Hirosaki University Graduate School of Medicine, Hirosaki, Japan
Shingo Hatakeyama , Kazutaka Okita , Hayato Yamamoto , Takahiro Yoneyama , Yasuhiro Hashimoto , Chikara Ohyama
Background: We aimed to evaluate the treatment sequence for patients with metastatic castration-resistant prostate cancer (mCRPC) in real-world practice and compare overall survival in each sequential therapy. Methods: We retrospectively evaluated 146 patients with mCRPC who were initially treated with androgen deprivation therapy as metastatic hormone-naïve prostate cancer in 14 hospitals between January 2010 and March 2019. The agents for the sequential therapy included new androgen receptor-targeted agents (ART: abiraterone acetate or enzalutamide), docetaxel, and/or cabazitaxel.

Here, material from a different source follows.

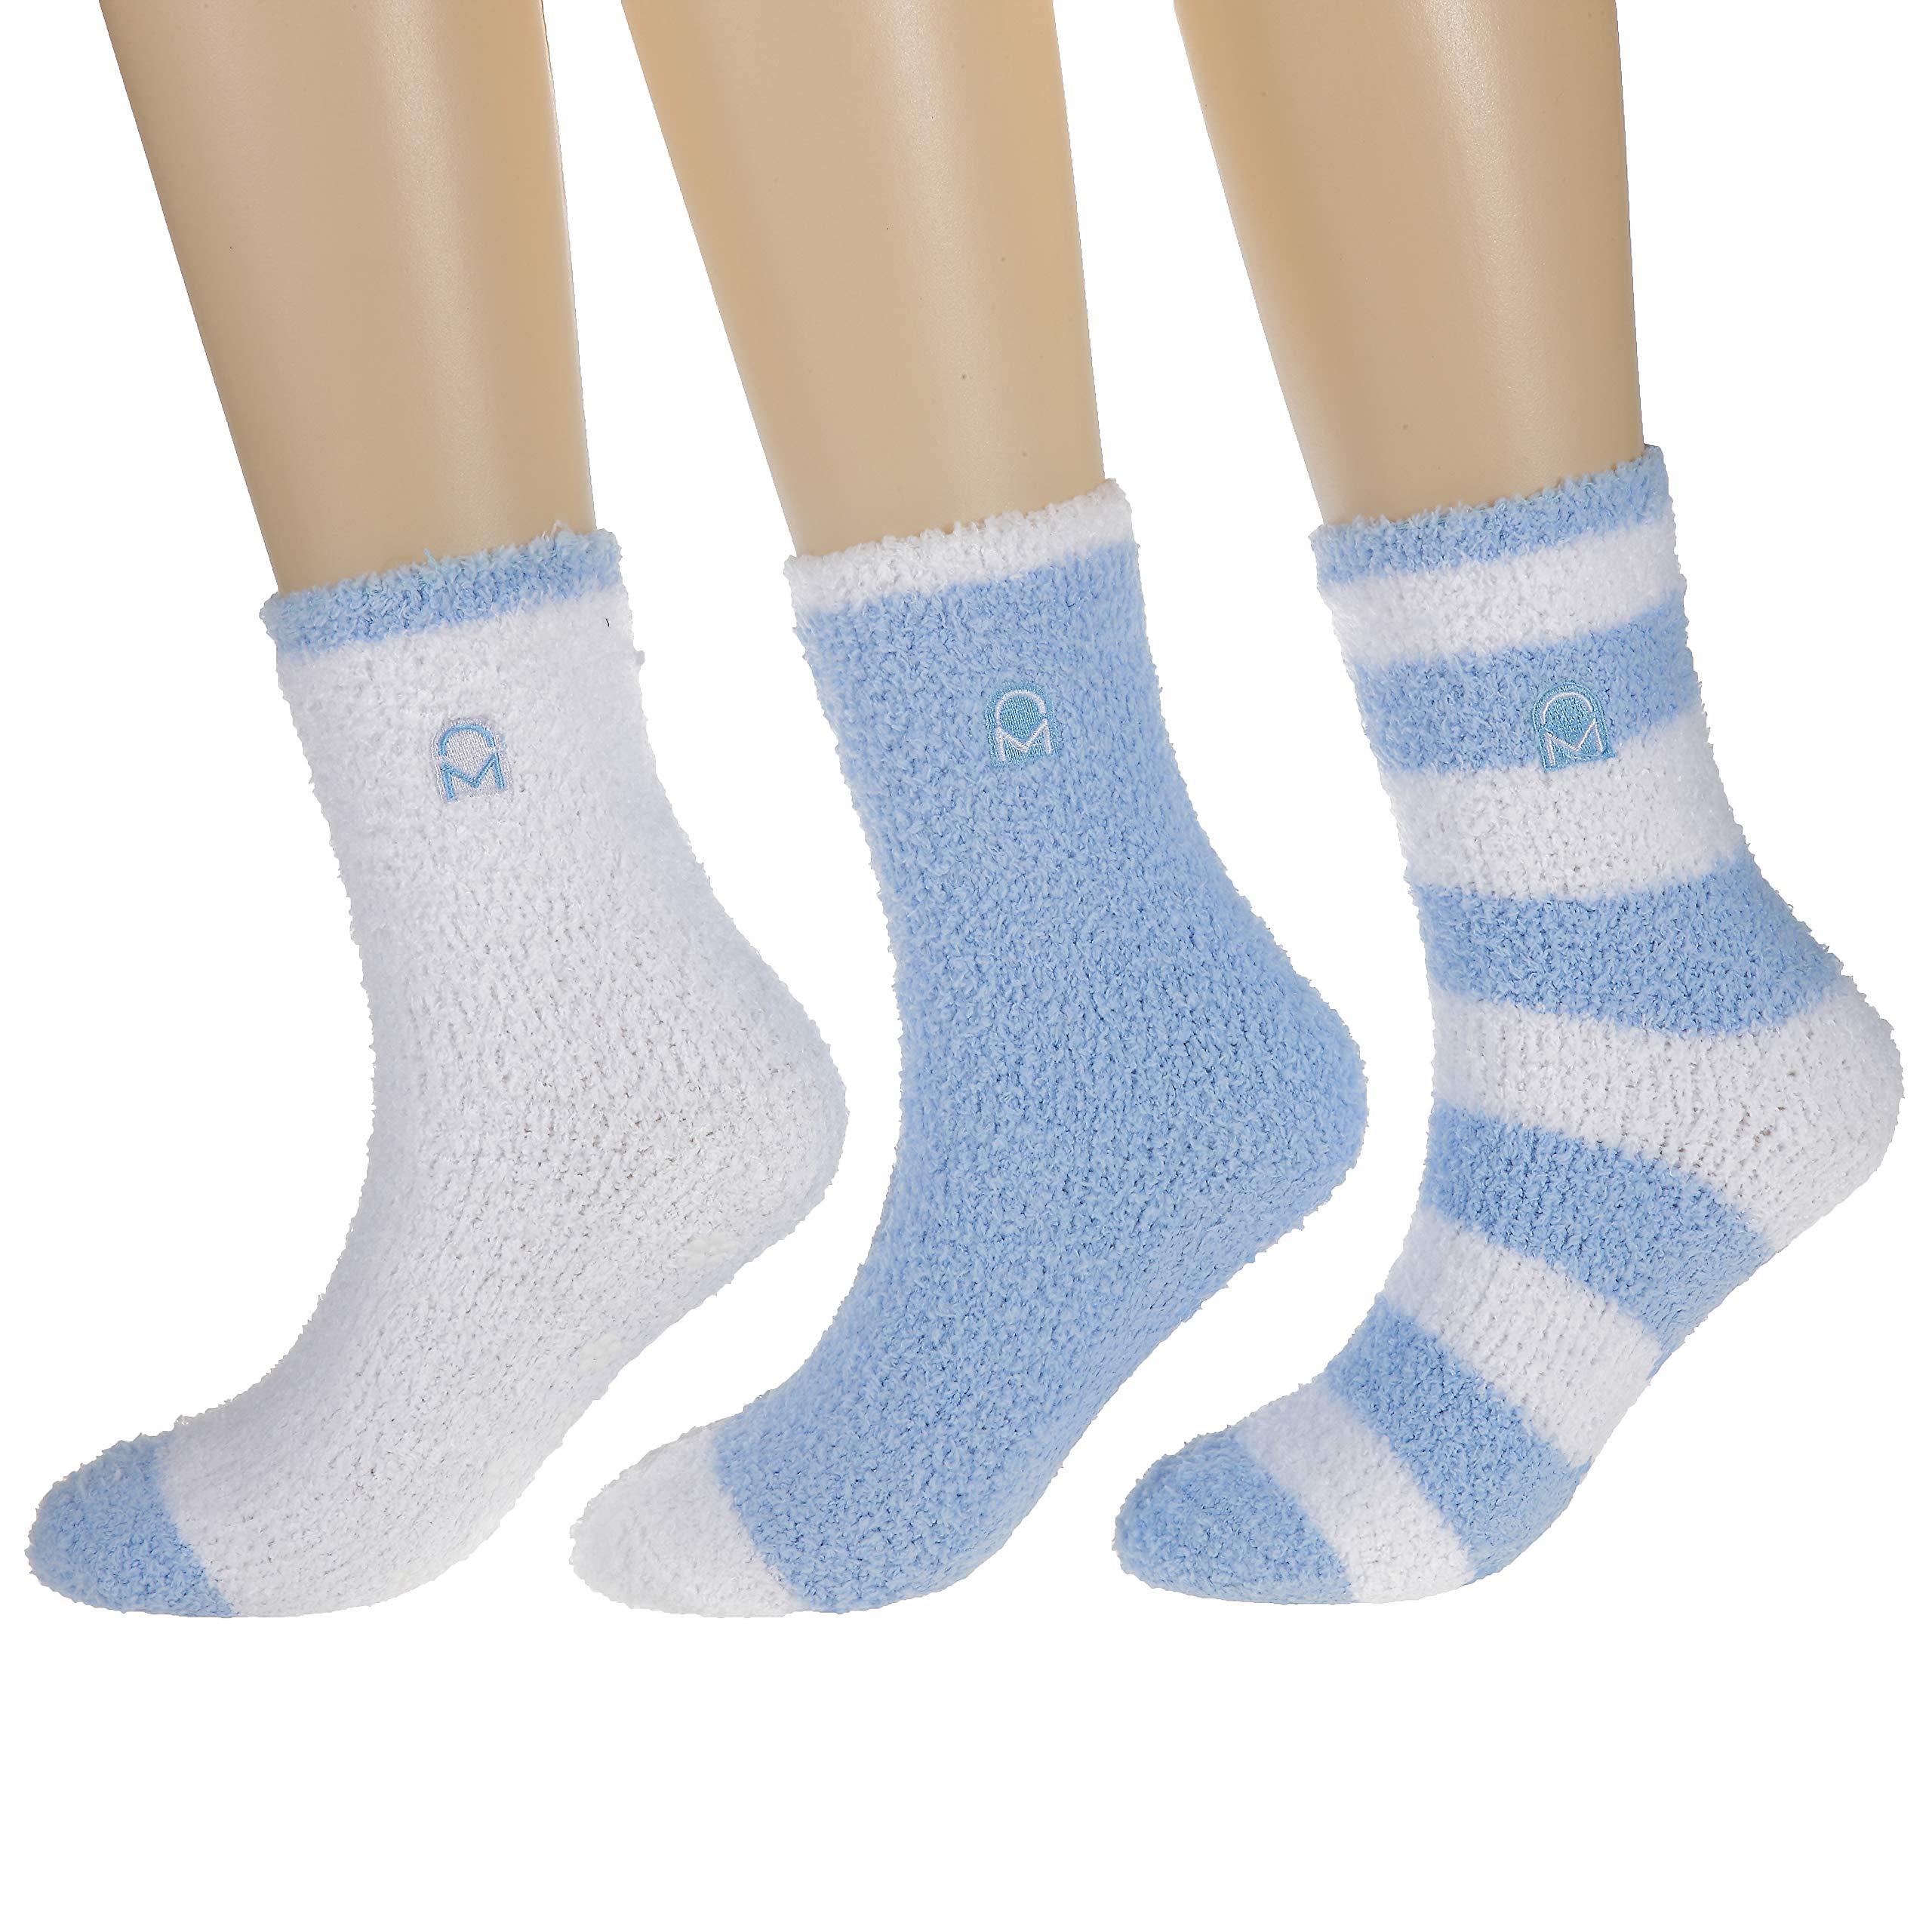 Noble Mount Women's (3 Pairs) Soft Anti-Skid Fuzzy Winter Crew Socks

We evaluated the treatment sequence for mCRPC and the effect of sequence patterns on overall survival. Results: The median age was 71 years. A total of 35 patients received ART-ART, 33 received ART-docetaxel, 68 received docetaxel-ART, and 10 received docetaxel-cabazitaxel sequences. The most prescribed treatment sequence was docetaxel-ART (47%), followed by ART-ART (24%). Overall survival calculated from the initial diagnosis reached 83, 57, 79, 37 months in the ART-ART, ART-docetaxel, docetaxel-ART, and docetaxel-cabazitaxel, respectively. Multivariate Cox regression analyses showed no significant difference in overall survival between the first-line ART (n = 68) and first-line docetaxel (n = 78) therapies (hazard ratio: HR 0.84, P = 0.530), between the ART-ART (n = 35) and docetaxel-mixed (n = 111) sequences (HR 0.82, P = 0.650), and between the first-line abiraterone (n = 32) and first-line enzalutamide (n = 36) sequences (HR 1.58, P = 0.384). Conclusions: The most prescribed treatment sequence was docetaxel followed by ART. No significant difference was observed in overall survival among the treatment sequences in real-world practice.